According to recent news Apple is beginning talks with banks to create with a P2P payment service, potentially one that will be hosted in their ever popular iMessage app. Venmo is the undeniable reigning king of P2P payments, and for Apple to invest in a service that is already so well-established indicates that the company either has a promising marketing strategy for this service, or is using this as a hook/marketing strategy for another service it provides: the more general Apple Pay.

Let us consider the former case. The network effects of the P2P market are both the reasons and means for/by which the it exists, and Apple surely recognizes that to convince anyone to use their product, they need an ingenious hook. Information suggests that by communicating directly with the banks, Apple can ‘avoid filing for money transmitter licenses,’ which may result in zero usage fees for the users (unlike Venmo, for which only debit cards and bank accounts carry no transaction fees). If Apple can charge nothing to users for the same service, that may be enough to lure people in. It would be unsurprising to see the service gain momentum–eventually converting Venmo users and dominating the market (as they have done with many product, e.g iMessage, one of the most popular messaging apps). Eventually prices would change (how can we forget that 99 cent to 1.19 price increase in iTunes), but they will have been so successful that they passed the tipping point and have little to worry about.

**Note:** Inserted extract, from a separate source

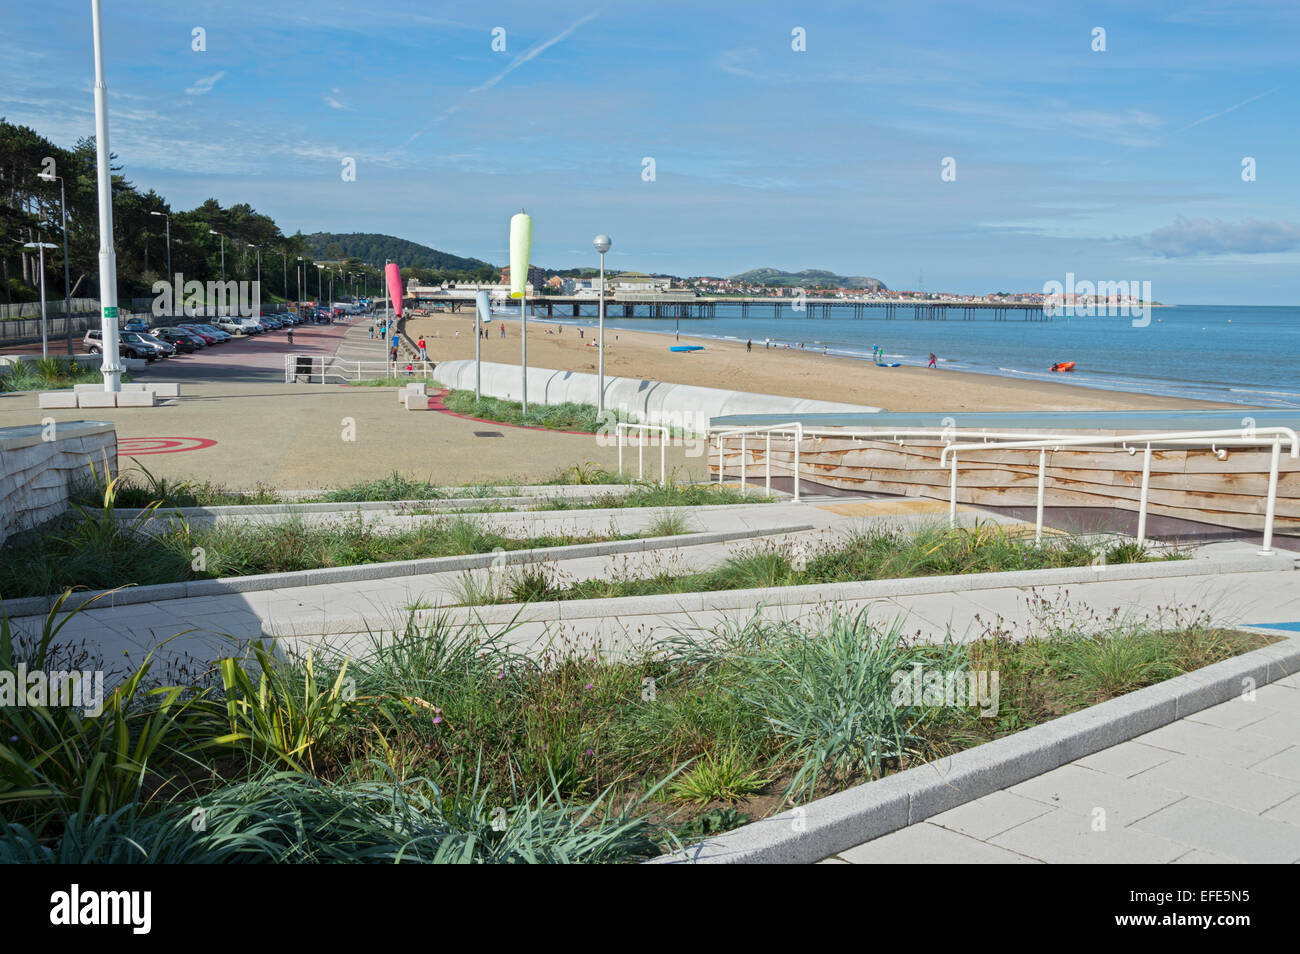 Rhos on sea, Colwyn Bay, seafront, beach, North Wales, uk Stock Photo

In the latter case let us consider the idea that Apple is rolling out this feature not to make gains. Take Facebook for example, a company that also offers this service, but at a loss. Apple P2P payments could be the hook for a different product, Apple Pay, which has been not very successful to-date. Providing a  new functionality of Apple-Pay might just be enough for that service to take off, and while P2P iMessage payments may be a not profitable, their overall earnings could still drastically increase.

It is peculiar to note and distinguish the network effects on certain goods, especially those for which is is unclear whether or not the good is meant to be successful. With this thought, a company and user must consider what the purpose of this service is before blindly following our established model for rational decision making.